10 February 2013

Rwanda: Gisozi Marshland Residents Demand Compensation to Relocate

Last week, people living in the vicinity of Gisozi marshland (Ruhango cell) in Gasabo were given 90 days by the city authorities to relocate. They were also told that they wouldn't receive compensation because the area is not suited for habitation due to environmental reasons. The concerned citizens, however, claim never to have received a warning before, and say that without money, they have nowhere to go.

"I bought a Frw 450,000 plot here and have been here for more than a year; I got the permit from the local leaders," says Fortunee Nyinawagaga. "I have commercial activities on my plot and I was surviving. I am not against the idea to relocate, but I want to be compensated as someone whose settlement was approved by competent institutions."

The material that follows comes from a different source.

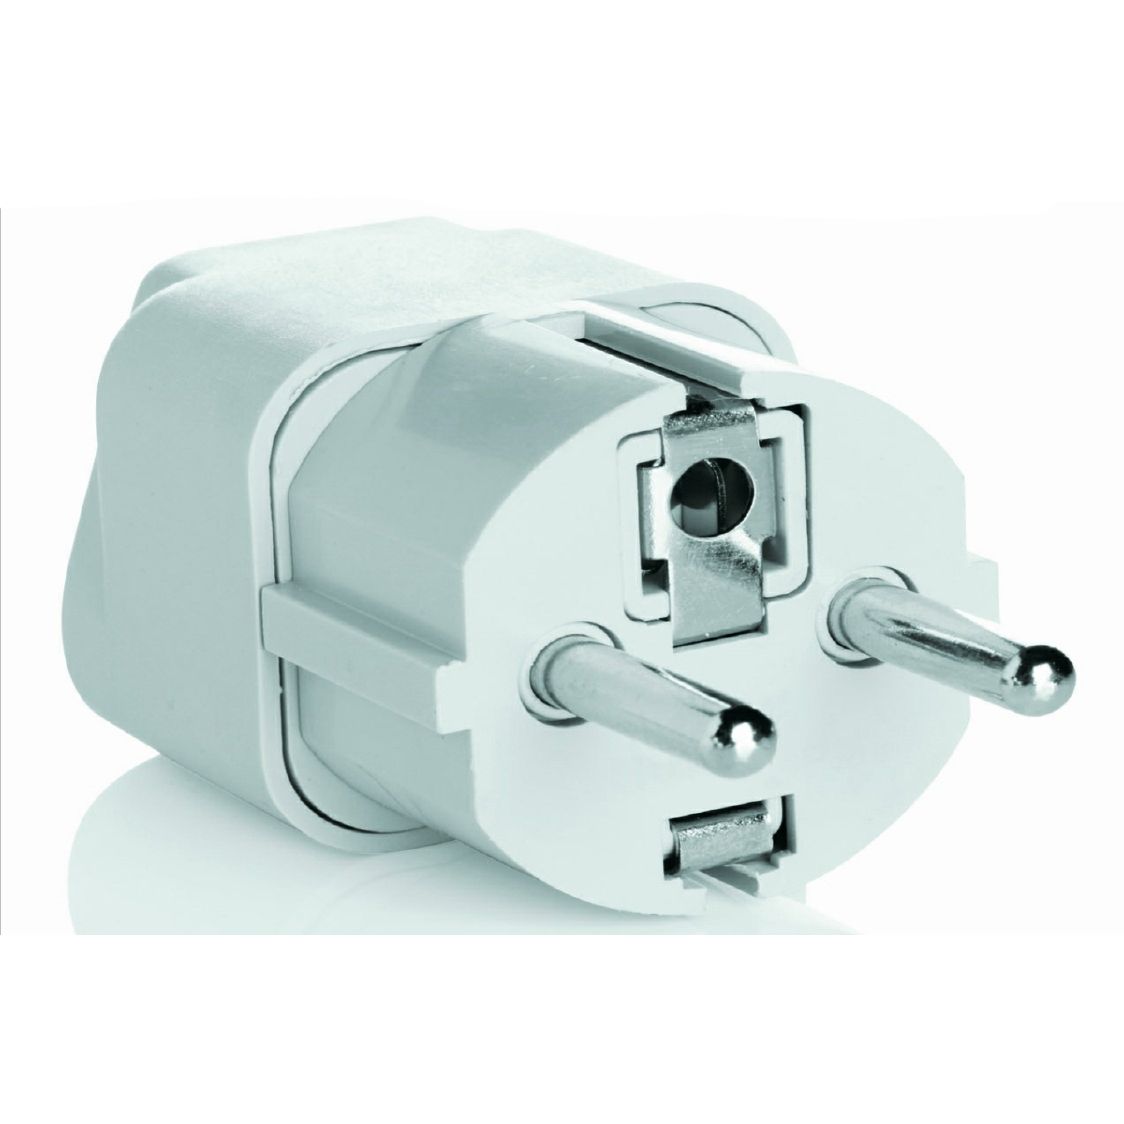 Conair NWG1C Grounded Adapter Plug (Parts of Europe, Middle East, parts of Africa, Asia, the Caribbean)

Another affected citizen told The Rwanda Focus that he had sold his family land to come and live in Ruhango. "I wanted to settle here because I was planning to do some business," said Phocas Bagirubusa who bought a house for Frw 5.6m.

He too can understand the necessity of the relocation. "I am not against the idea. What is sad though is that the authorities who at the time signed my documents are now telling me to relocate without compensation. I have all the documents, permits and attestations," he laments, adding that he has been paying taxes for his plot for the last five years.

Yet the local authorities deny having given permission for people to settle there. "They won't receive any compensation because we didn't know about them settling here, and no one of us signed any of their documents," the executive secretary of Ruhango cell, Pascal Niyonsaba, said categorically.

He added that the sector issued warnings for them to relocate within 90 days. "Those people don't want to listen. Even now that they have received the notice, you can still find some of them constructing additional buildings. It's for their own benefit to relocate because it's an environmentally risky area," he said.

Yet when we insisted that we had seen permits with the sector and cell's stamps, including his own signature, he refused any further comment.


Officials of Gasabo district recognize that settlement problems are a big headache. Mayor Willy Ndizeye says one of the main problems is unplanned and unauthorized settlement. "They put old iron sheets on their houses to fool the authorities into thinking that they have been there for long," the mayor says.

Ndizeye says that problems often arise when the citizens have to be relocated and seek compensation. "This becomes very costly for the government," he explains, giving the example Kimicanga (also an environmental risk area) from which a big number of people has moved with compensation. "These fees could have served for other developmental needs," the mayor says. "For sure, we won't compensate those who will be found guilty of having settled in areas without proper permits."

However, some observers question how it would be possible for people to construct a house somewhere without the authorities noticing. "Frankly speaking, our administration is very well organized, so how can someone escape attention like that with local leaders monitoring their area day and night? Even the social control by citizens would bring such issues to light," observed a policy analyst. "If this was the case, it would be a failure on the administration's side."

He also doesn't agree with Ndizeye's observation that the compensations constitute a loss for the country. "They are paid according to the value of their properties and other items they are leaving behind. Is that a loss?"